Pasta & Italian
Authentic Spaghetti Carbonara
Roman classic with guanciale, pecorino, and a glossy egg sauce — no cream, ever.

Prep
10m
Cook
15m
Total
25m
Serves
4
Ingredients
- •1 lb spaghetti or rigatoni
- •6 oz guanciale, cut into 1/4-inch strips (or pancetta)

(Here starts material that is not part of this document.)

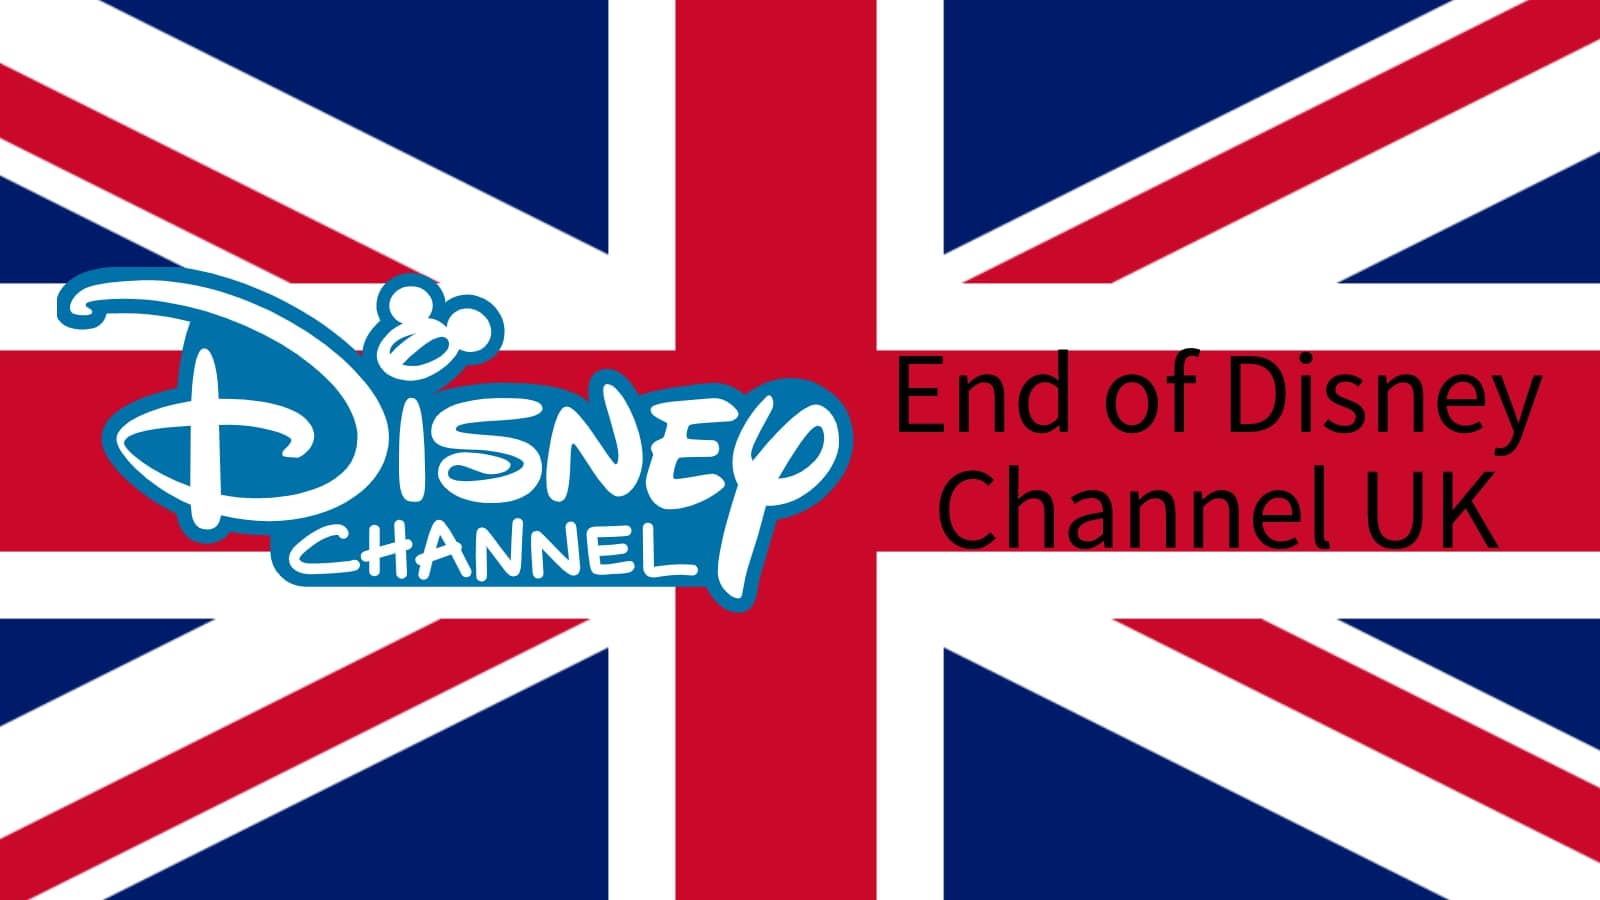 End of Disney Channel UK (October 1, 2020)

- •4 large egg yolks + 1 whole egg
- •1 cup finely grated Pecorino Romano
- •2 tsp coarsely cracked black pepper
- •Salt for the pasta water
Nutrition (per serving)
- Calories
- 640 kcal
- Protein
- 28 g
- Carbs
- 72 g
- Fat
- 26 g
Instructions
- 1
Bring a large pot of generously salted water to a boil. Add pasta and cook 1 minute under package time.
- 2
Meanwhile, cook guanciale in a cold large skillet over medium heat until fat renders and edges crisp, 6–8 minutes. Off heat.
- 3
Whisk yolks, whole egg, cheese, and pepper in a bowl.
- 4
Reserve 1 cup pasta water. Drain pasta and transfer to the skillet with guanciale; toss to coat.
- 5
Off heat, pour in egg mixture and toss vigorously, adding splashes of pasta water until silky (never let it scramble).
- 6
Plate immediately with extra pecorino and pepper.
Cook's tips
- → Pan must be off direct heat before eggs go in.
- → Pasta water's starch is what binds the sauce.